Today, on a very special episode of Nice Price or No Dice, we look at, and judge, an old Willys Wagon I found while out on a road trip. Let’s see if the price has you all trippin’ as well.
While I may have initially railed against yesterday’s 2014 Volkswagen CC R-Line four-door being called a coupe — and a Comfort Coupe, at that— I think I’m over that imagined transgression. Many of you took little to no issue with that classification and even more liked the VW’s $8,871 price tag, oddly specific as it was. That resulted in some positive comments on the car and a solid 81 percent Nice Price win for the seller’s asking.
The COVID pandemic may not be over, but with enough precautions taken and loaded up on vaccine boosters and cabin fever, I once again feel ok going out for an extended weekend without experiencing the need to prep like I’m headed into the OR.
On the weekend before last, I did just that, taking a leisurely trip up the California coast to the Santa Ynez wine country so my wife and I could eat at one of our favorite restaurants — The Hitching Post II — and do some touristy stuff. One of the things I like to do when taking such trips is spotting as many cool cars as I can. On this particular jaunt, I caught an old MGA, a Model T fire chief car, and a 986 Boxster of about the same spec as my own.
While walking around the downtown of the small rural community of Los Olivos — in between marveling about how every other business is a wine-tasting establishment — that I also came across a cool restored 1962 Jeep Utility Wagon. That wagon, it just so happens, is also for sale. Discovering that, I naturally thought about all of you.
I snapped a bunch of pics so you all would get a good idea of the Jeep’s condition and then, returning home, I checked the area’s classifieds to see if it also was present there. Lo and behold, in addition to its wine country stop, the Jeep also makes an appearance on Craigslist.
Jeep debuted the Wagon in 1946 and continued the model’s production here in the U.S. for nearly 20 years thereafter. Production survived even longer in South America. I remember becoming interested in the model while watching Terry Thomas drive one to hilarious effect in the 1963 comedy It’s a Mad, Mad, Mad, Mad World on TV.

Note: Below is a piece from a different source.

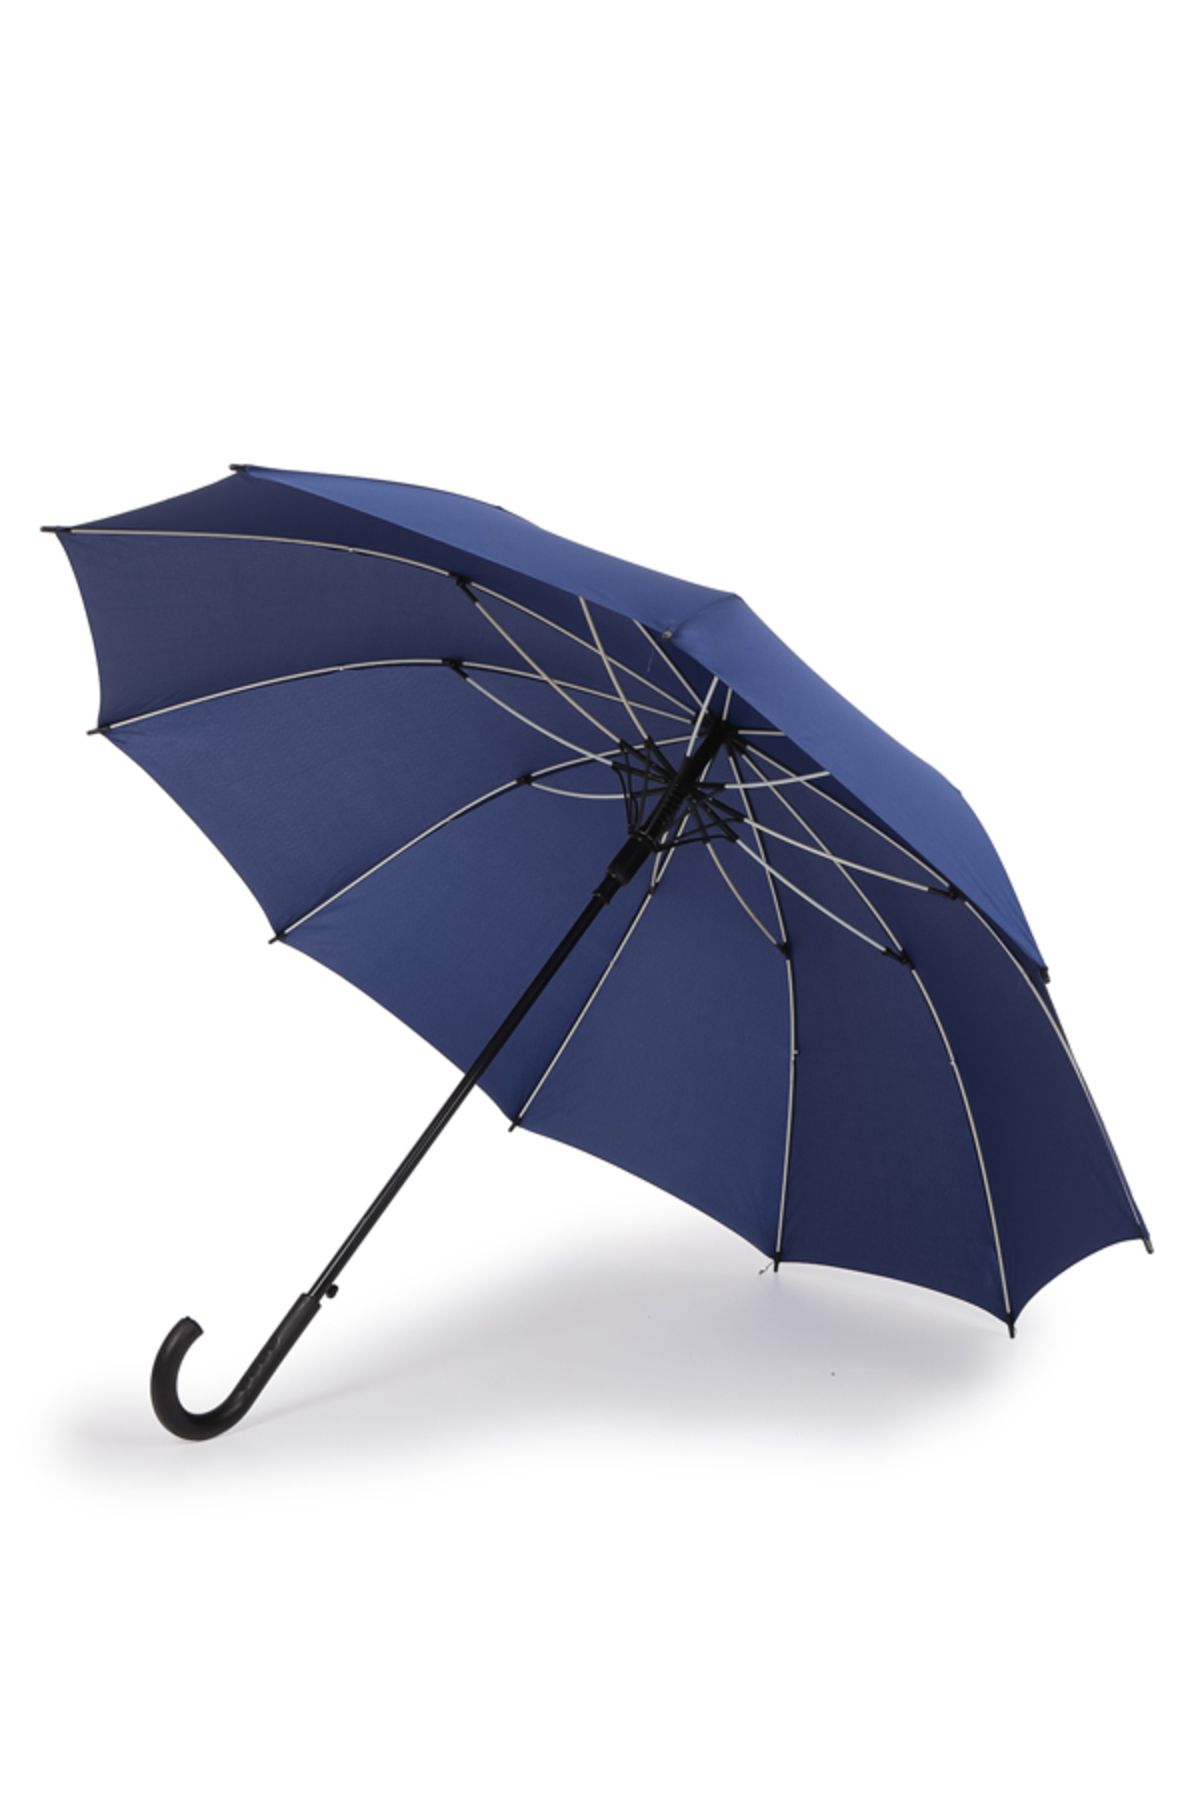 Sunlife 10 Telli Otomatik Fiberglass Protokol Baston Lacivert Yağmur Şemsiyesi [yerli Üretim]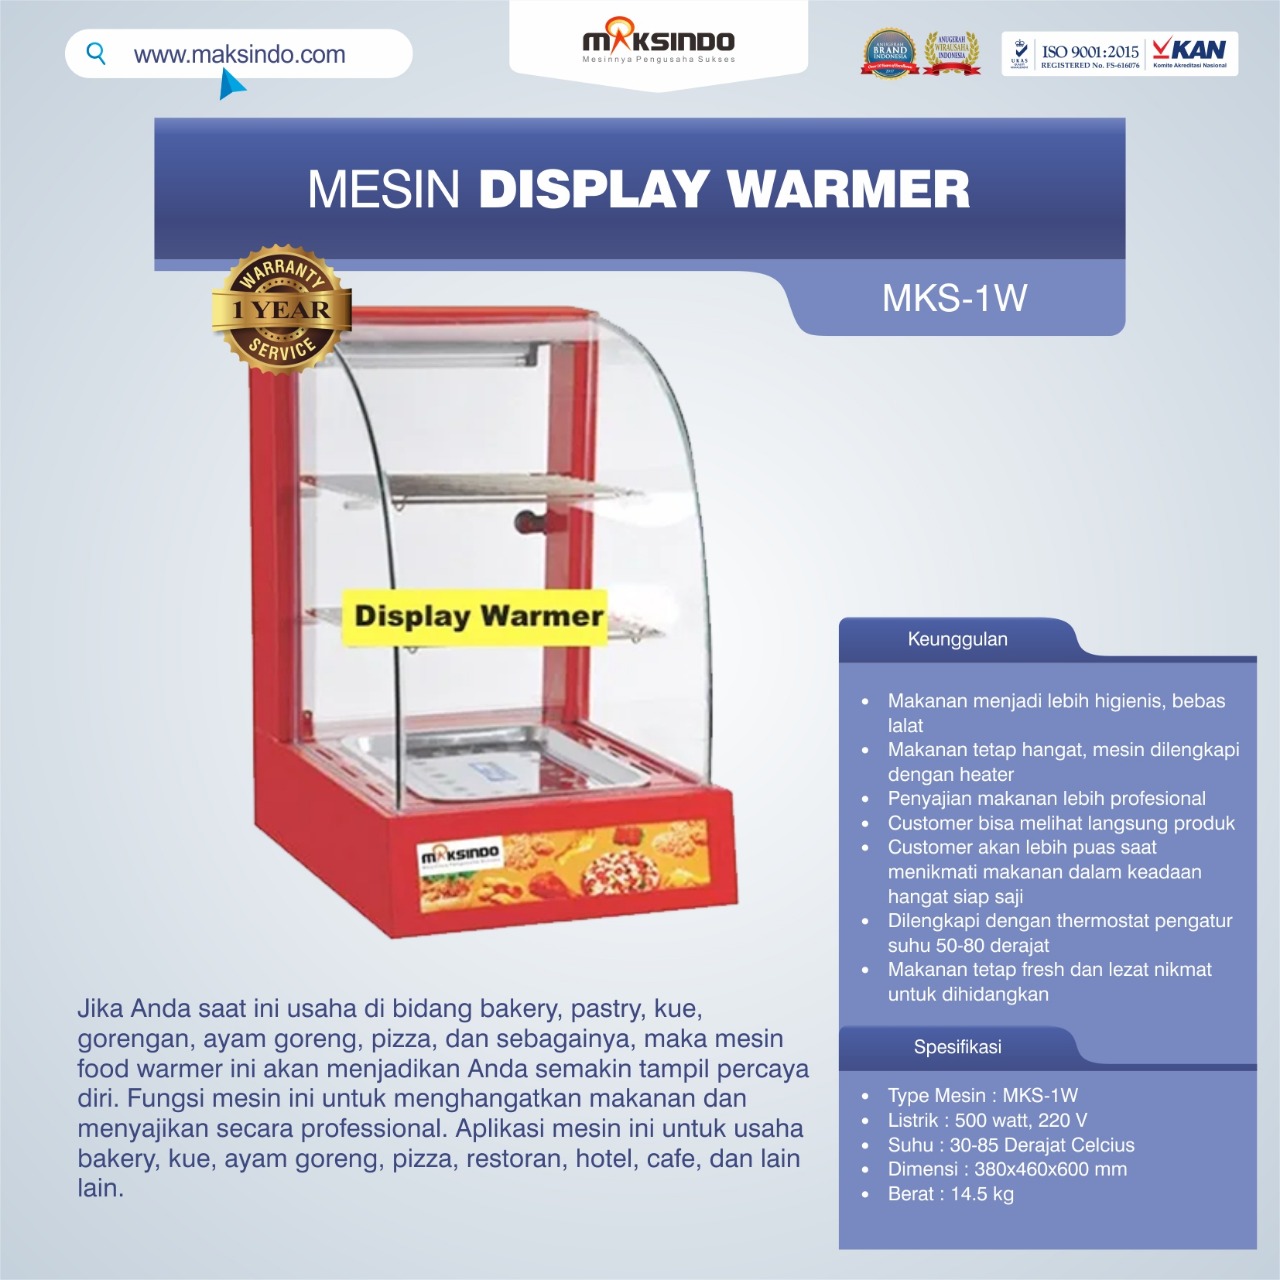 Jual Mesin Display Warmer (MKS-1W) di Banjarmasin

This restored Wagon is almost the same color as the 1955 edition used in the movie and, Jeep being Jeep, the rest of it is nearly indistinguishable. Notable, however, is this Wagon’s excellent paintwork which features a subtle flame design on the hood and front fenders.
Not all of the Wagons were 4-wheel-drive, but as noted by the cool script on the side of its hood, this one just so happens to be. Power for those four wheels would have originally come from either a flathead Super Hurricane six or, maybe the later OHC Tornado six as that engine appeared in the Jeep this model year. Either would likely have been backed up by a Borg-Warner T-90 three-speed manual.
Part of this Wagon’s restoration involved giving the original drivetrain the heave-ho and replacing it with a Chevy 350 V8 and associated automatic transmission. There’s not much detail about either of those components, but the Craigslist ad does note that the radiator is new as well. The rest of the driveline should be made up of a Dana 18 transfer case, Dana 27 front axle, and a Dana 44 rear axle, the latter two of these elements mounted on study leaf springs. Updated wheels and new BFG tires make that all useful.
The interior has been redone in handsome gray mouse fur all around and there are seat belts for all the passengers. While converted to automatic, the Wagon still sports its clutch pedal and a tall shifter to mimic the original manual style. That’s a nice touch. Mileage? Well, the ad says there are 500 miles on the engine and with the restoration, the overall miles probably don’t matter all that much.
Now, I’ve included a number of pictures I took of the truck in Los Olivos, as well as a couple of shots the seller placed in the Craigslist ad since they show the engine and a better shot of the interior. The ad also shows the title to be clear.
One perk of my pictures is that they show the Jeep with a reduced $29,000 asking price. In the Craigslist ad, that’s still $500 more. We’ll go with the painter’s tape window sign since I saw that first and it’s lower.
What’s your take on this restored Jeep and that $29,000 price? Does that seem like a deal for a cool resto-mod that’s perfect for the wine country no matter where that might be? Or, does that price just give you the Willys?